Today we treat our emotions, and feelings toward the opposite sex as if they are nothing, really. They don't matter that much, do they? But they do. This is a area we need to be daily praying about and for. We need to hand over the key to our King, and let Him guard our hearts and emotions how He desires to. It isn't up to us alone. But through Jesus Christ our King. He will take care of us, and steer our thoughts to Him, if we let Him. And it will be something that we have to work on too, because Satan wants our minds pulled away from the Lord. But "You will keep him in perfect peace whose mind is stayed on You, because he trusts in You." which is found in Isaiah :)
Next time you look at a guy, ask God to let you see him how the Lord sees him. Let's surrender all to God, and count it gain.

7 Responses So Far...Care to Share?:

Jenny said...

I've personally known young women who've obsessed over every guy they meet as a potential husband. Definitely not good. But I've also seen a lot of men and women permanently lost in singlehood when all sorts of nice Christians are passing right under their noses. Why? Because these men and women are stuck in a framework of mind that actually prevents them from considering their brothers and sisters in Christ as good marriage prospects. Many are in their 30s, still wondering why they're still single, but responding with a disgusted "But he/she is like a brother/sister!" when someone suggests a perfectly good match.

Ladies of Virtue said...

Yes, I do see what you mean.
The one thing that's missing, and is very important, is just trusting in the Lord to bring the right man.
There definitely needs to be a balance! :)
Thanks for your comment!

Rubies Like Ruth said...

This is very challenging and something that we girls need to consider!!!
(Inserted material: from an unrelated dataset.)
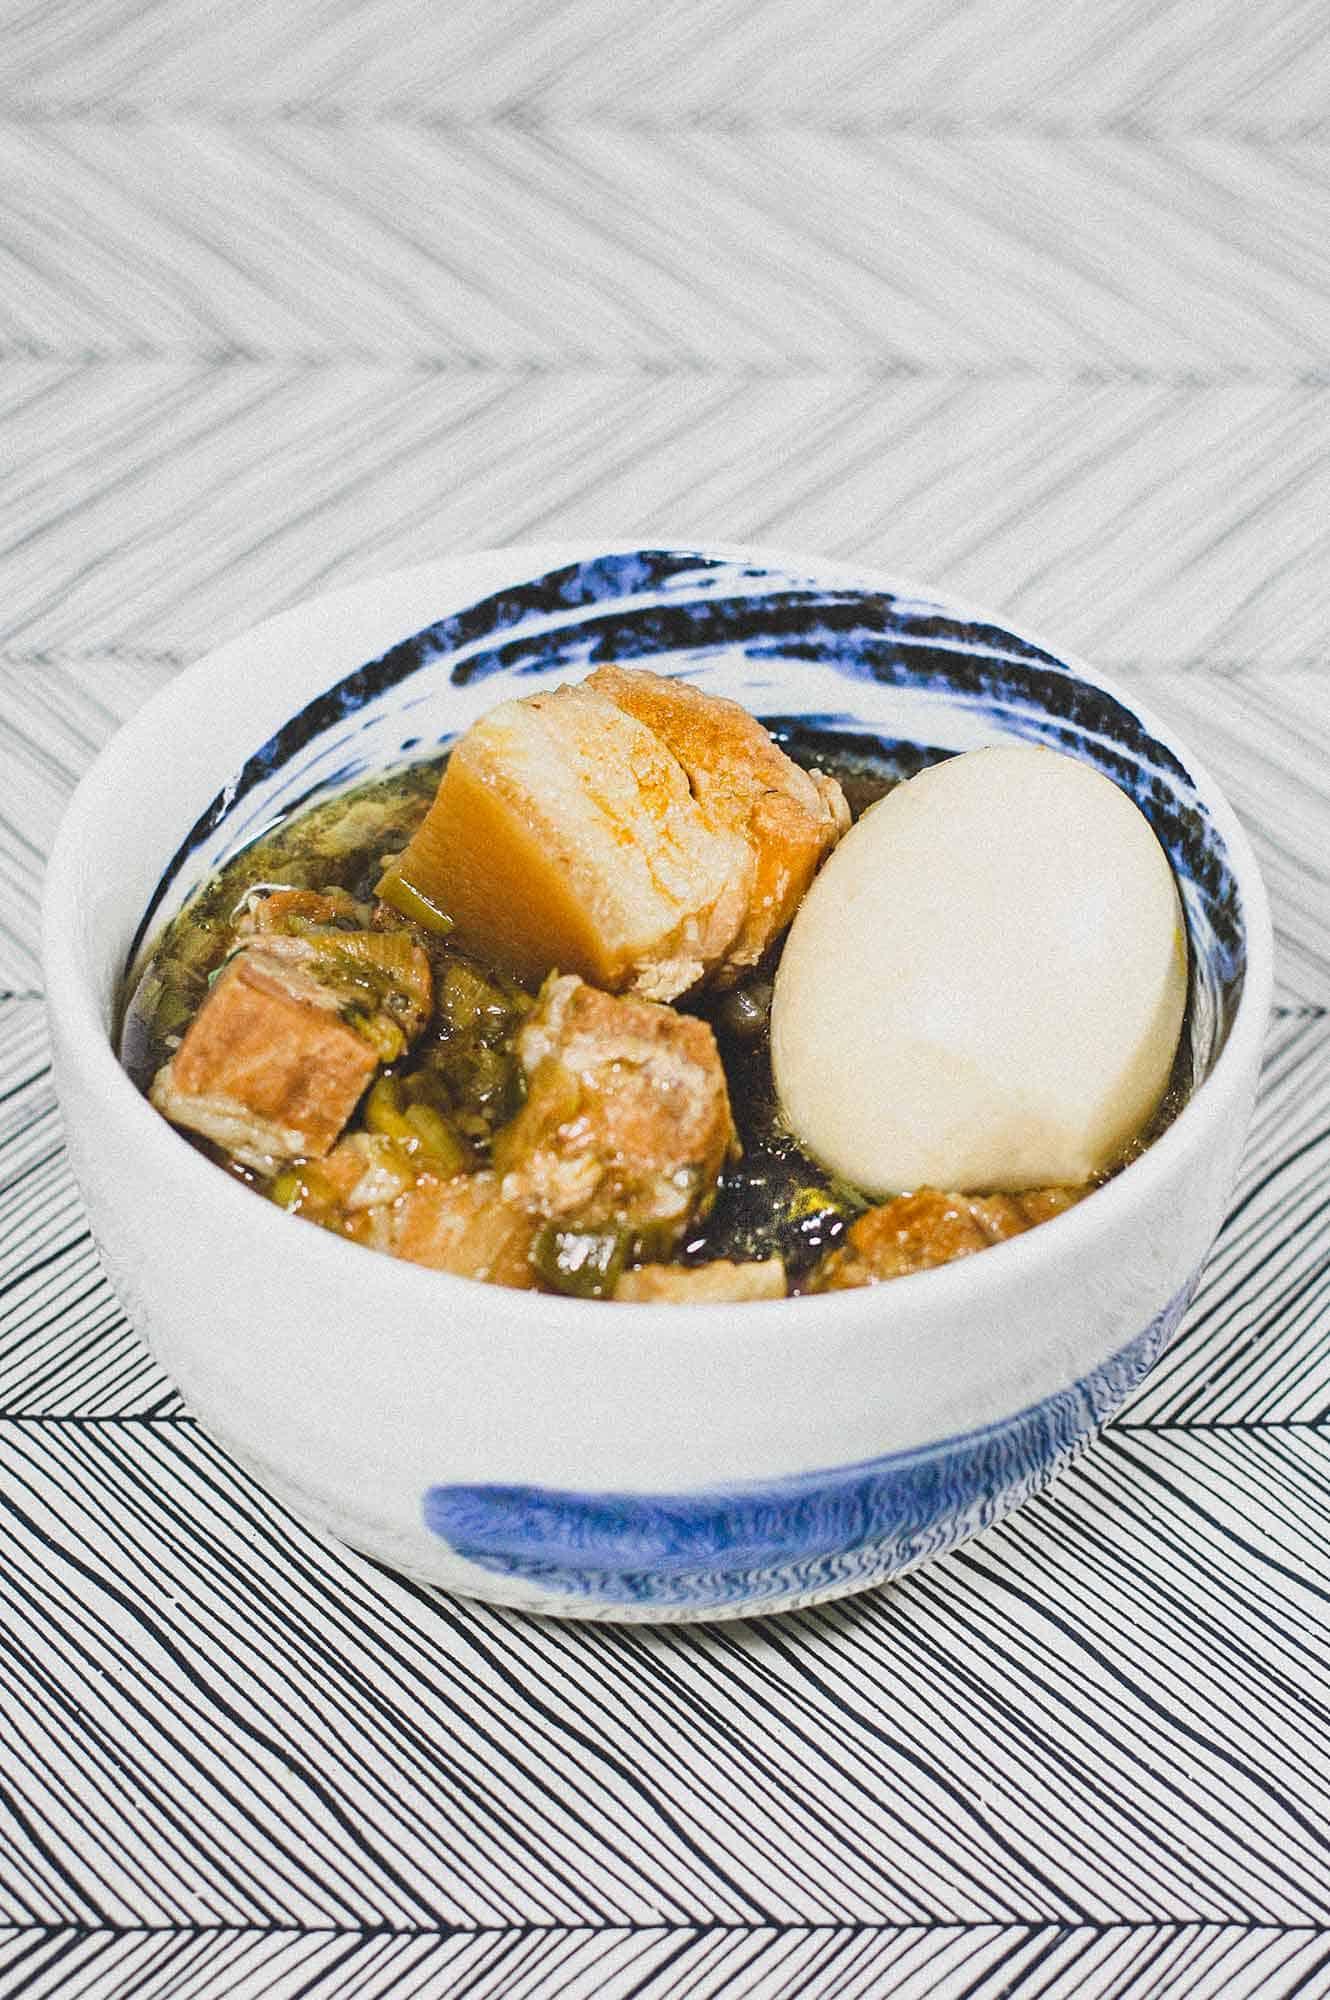 Vietnamese Braised Pork Belly with Eggs - Thit Kho

I think that many girls, however, confuse their feelings. They say, "He's just like a brother," but deep inside, they're really picturing him as a future husband. It is definitely dangerous territory.

Sometimes, I wonder how much more beneficial it'd be for all parties concerned to change our lustful thoughts into a prayer for the young man with whom we are tempted to think about - not a selfish prayer, but an upright prayer; a prayer for his character, for his spiritual life, and for his growth and maturity.

Another thought: if we live our single lives looking at every young guy as a "lover" that bad habit WILL continue throughout our married life and we as married women will still continue to lust after handsome men (these words are not mine, but from my mom, whose wisdom I respect and admire).

Thanks for this reminder!

~Ana Renee
www.rubieslikeruth.blogspot.com

LadiesofVirtue said...

Thank you for your comment Ana! I agree, especially with turning our lustful thoughts into upright prayers! :)

God bless!

Anonymous said...

Christian men too often look at women in terms of "future prospects" as well. It's good to hear women being honest about the fact that this is a issue for them too.

Amber Eileen said...

Thank you thank you thank you for this post!!! I realize now after reading this that my perspective on guys is wrong and that is one of the reasons I struggle with guys! Thank you again!
~Amber :)
ising4jesus.blogspot.com

Annemarie ((: said...

Hey there! I know that this was a while ago that you posted this, but I wanted to say thank you so much for this encouragement! (: it's great to see someone out there that is taking the time to help encourage us young ladies with things such as this and to let the Lord speak through you. ((: thank you again!